February 05, 1994|By Frank D. Roylance | Frank D. Roylance,Sun Staff Writer

The space shuttle Discovery will be briefly visible early today to observers in the Baltimore region, thanks to an orbit that takes it as far north as Hudson's Bay in Canada.

If you got up too late today, you will have several more opportunities to spot Discovery during its current mission, NASA spokesman Kyle Herring said. The Russian space station Mir also will be visible next week, weather permitting.

Discovery is flying in an orbit with a 57-degree inclination, which means it goes as far as 57 degrees north latitude and as far as 57 degrees south latitude.

That takes it as far north as Moscow and Sitka, Alaska. On the southern end of its orbit, it will fly beyond the southern tip of Chile.

Most shuttle flights fly no farther north than their launch site in Florida, at about 28.5 degrees north latitude.

For those in the Baltimore region, the best time to see Discovery will be just before sunrise. The 120-foot shuttle will appear 218 miles up as a bright, fast-moving star. Here are the best times to look:

* Today at 6:33 a.m. Appearing in the south-southwest, climbing to a maximum elevation of 38 degrees above the horizon before disappearing in the approaching daylight one minute later. The horizon is at zero degrees; 90 degrees is directly overhead.
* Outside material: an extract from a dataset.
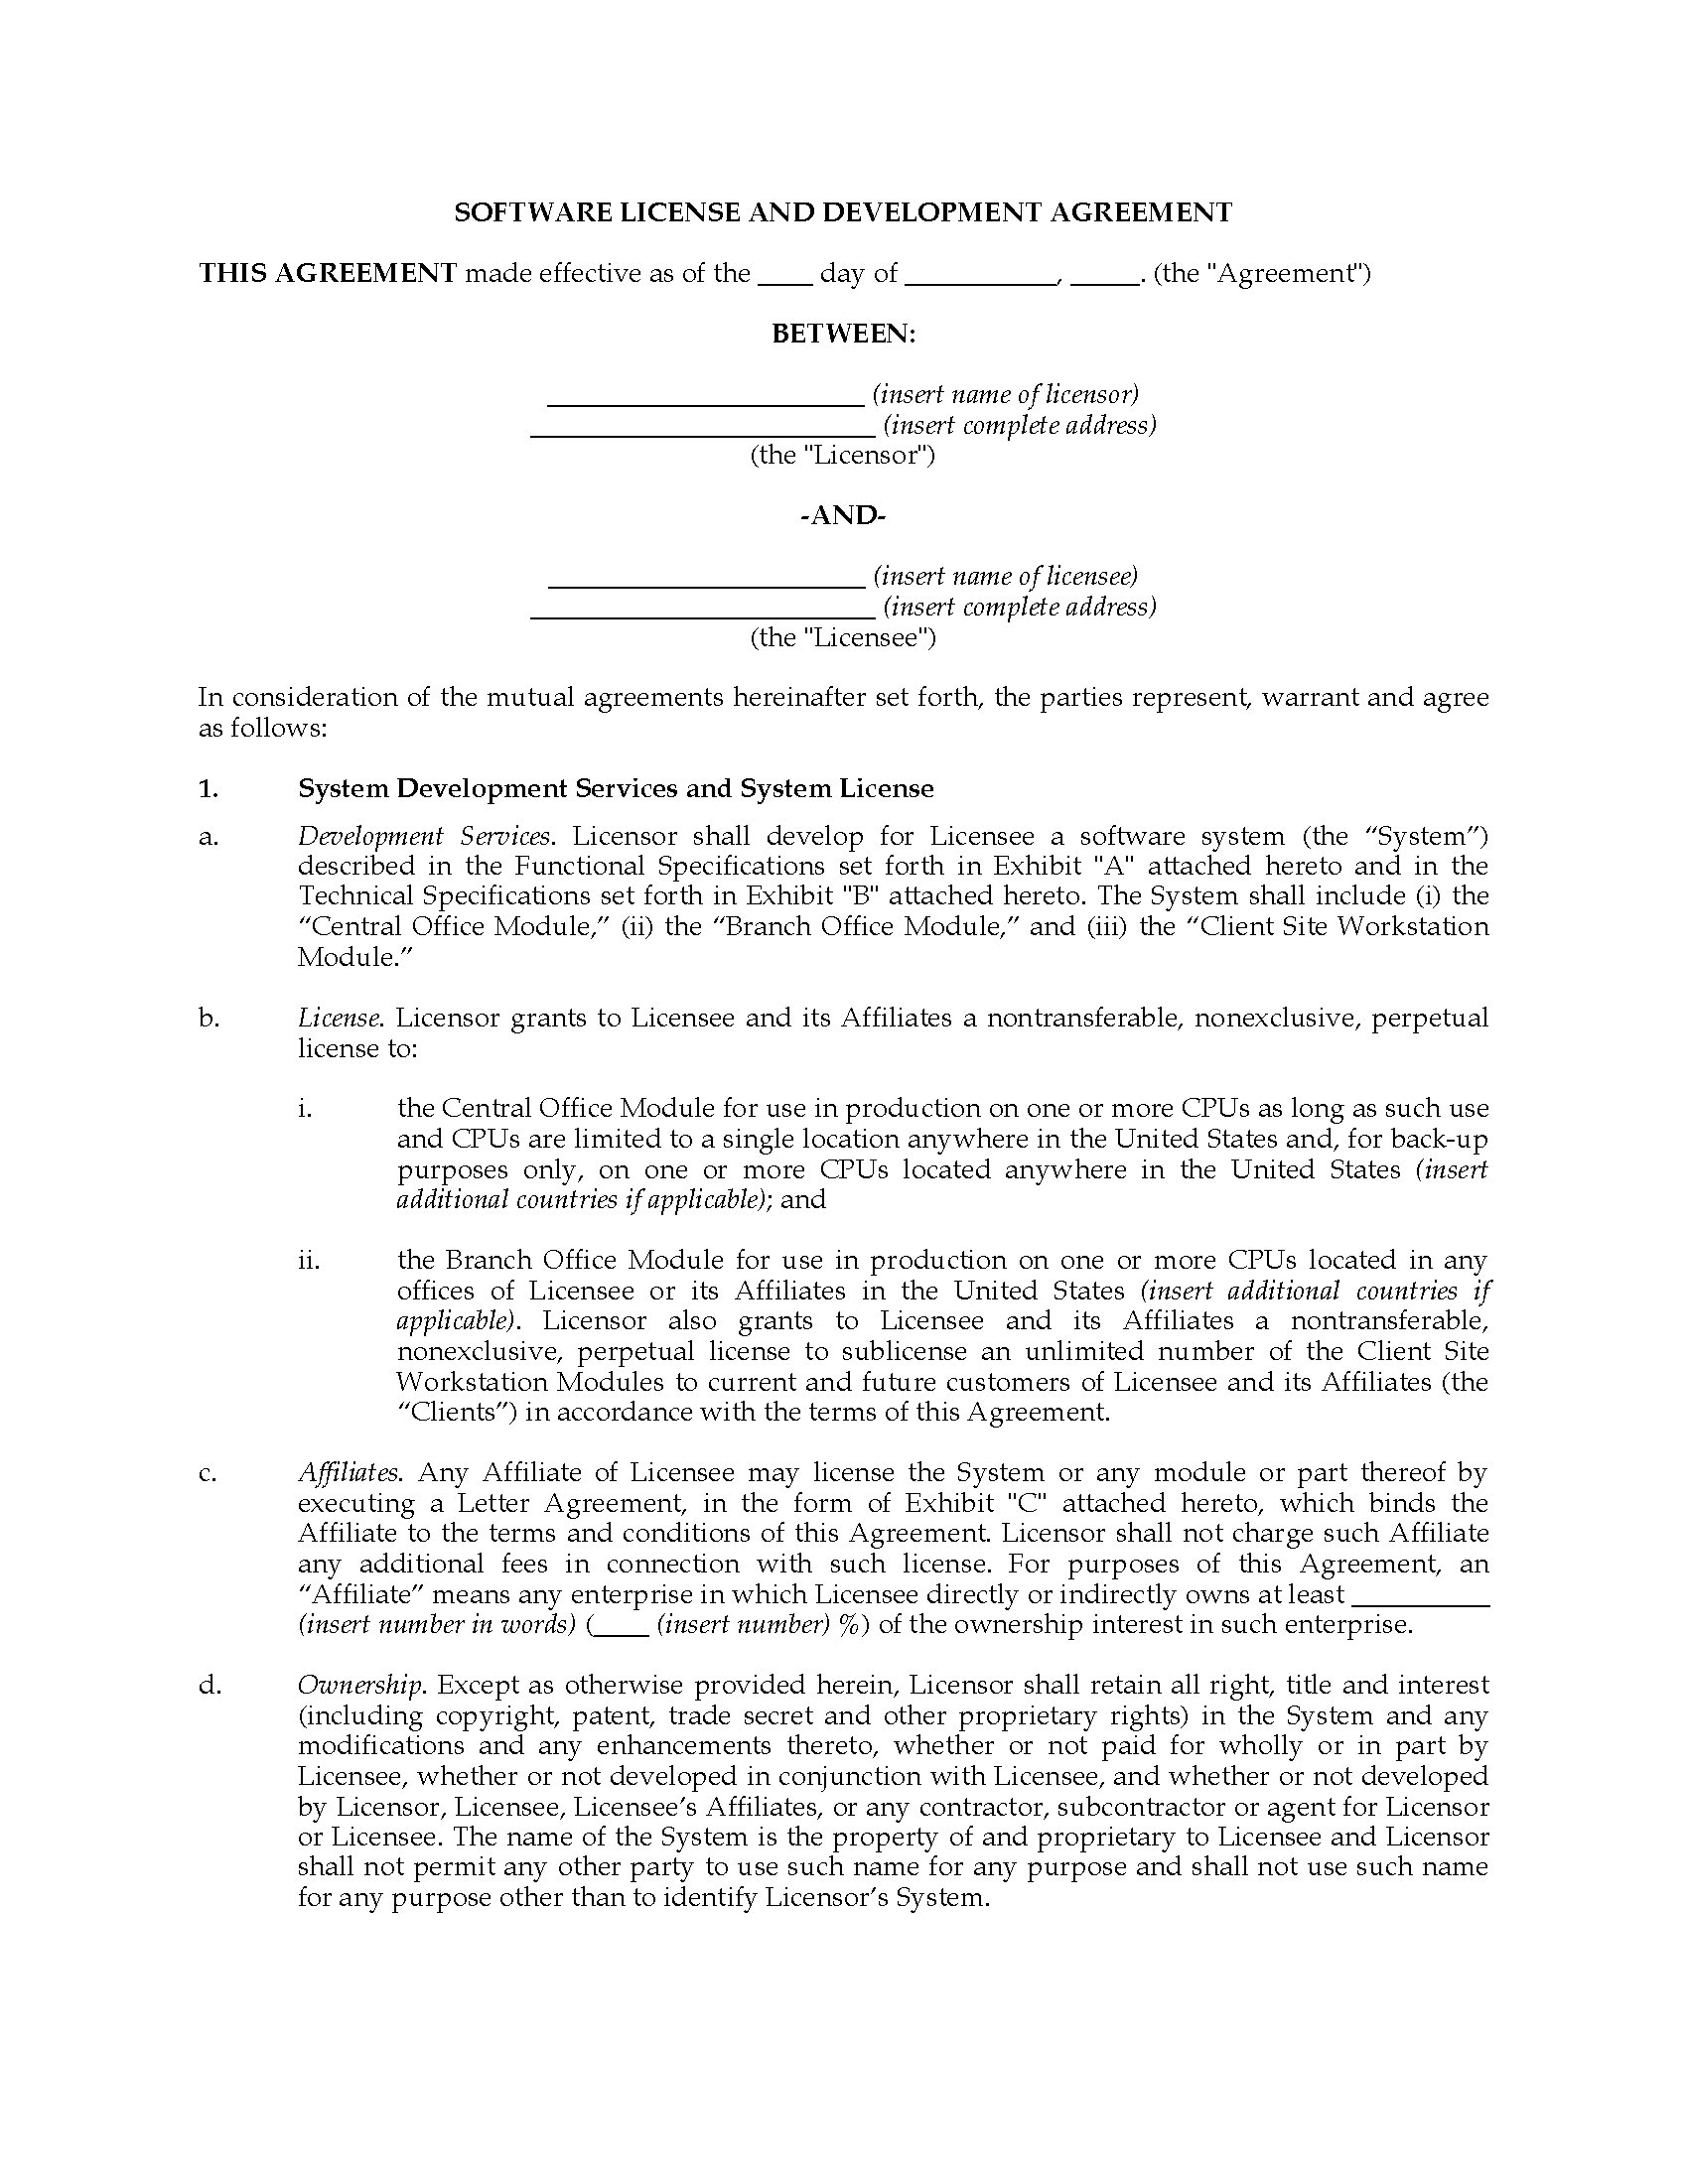 USA Software License and Development Agreement Legal Forms and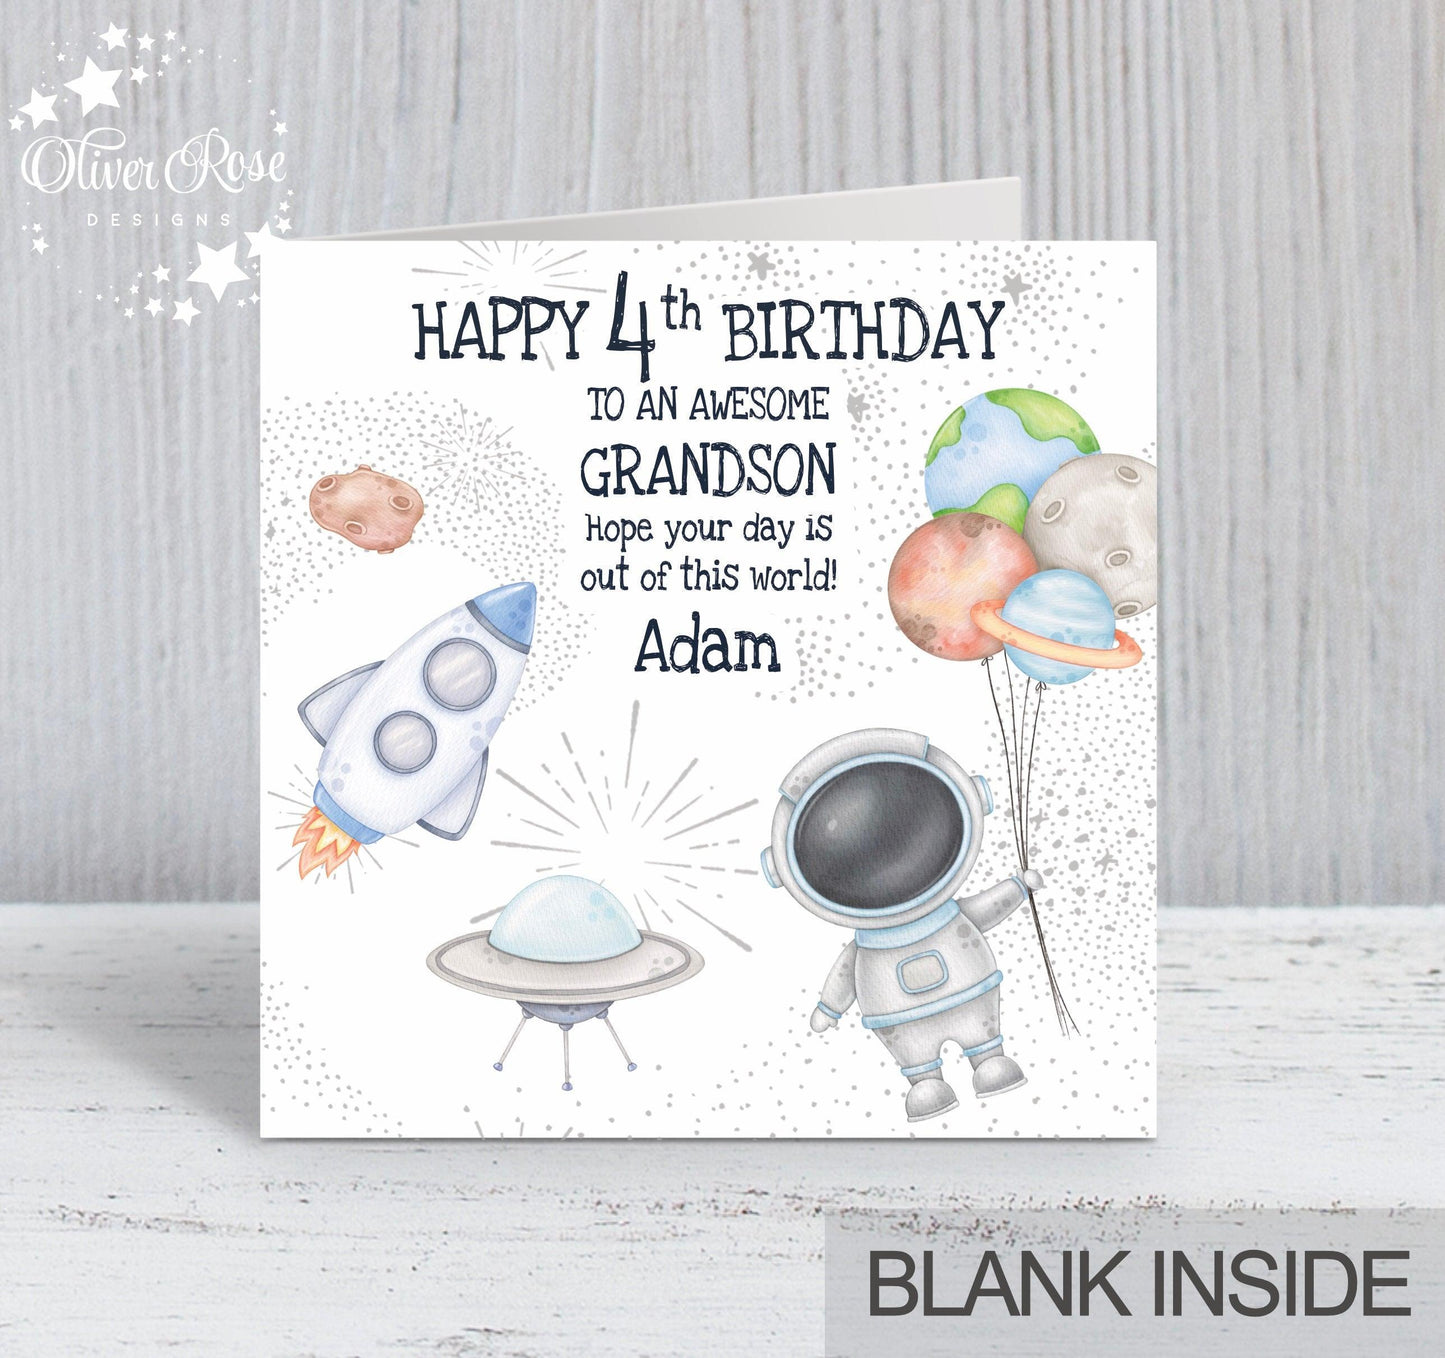 Space Theme Astronaut 4th Birthday Card, Rocket, Spaceship, Planets, Asteroid, Spaceman, Grandson, Personalised, hope your day is out of this world

* Monday at 5:52 a.m. Appearing in the south-southwest and moving toward the south for two minutes, reaching a maximum elevation of 40 degrees.

* Tuesday at 6:18 a.m. Rising in the west-southwest and moving toward the north-northeast. It will be visible for about four minutes, reaching as high as 44 degrees above the horizon.

* Thursday at 5:40 a.m. Rising in the north-northwest and moving toward the north. It will be visible for one minute, reaching a height of 41 degrees.

There also will be opportunities next week to spot the Russian space station Mir, launched in February 1986 to an altitude of about 200 miles. The best times to watch, according to NASA:

* Tuesday at 5:54 a.m. Appearing in the north-northwest and moving toward the north. Mir will be visible for only one minute, and won't fly higher than 15 degrees above the horizon.

* Wednesday at 6:31 a.m. Rising in the northwest and moving toward the north-northeast, it will be visible for three minutes at a maximum 36 degrees above the horizon.

* Friday at 6:12 a.m. Mir will be visible for three minutes, flying from northwest to north-northeast and rising 66 degrees above the horizon.

* Feb. 13 at 5:53 a.m. Mir will fly from the west-northwest and move toward the south, flying to 64 degrees above the horizon. It should be visible about two minutes.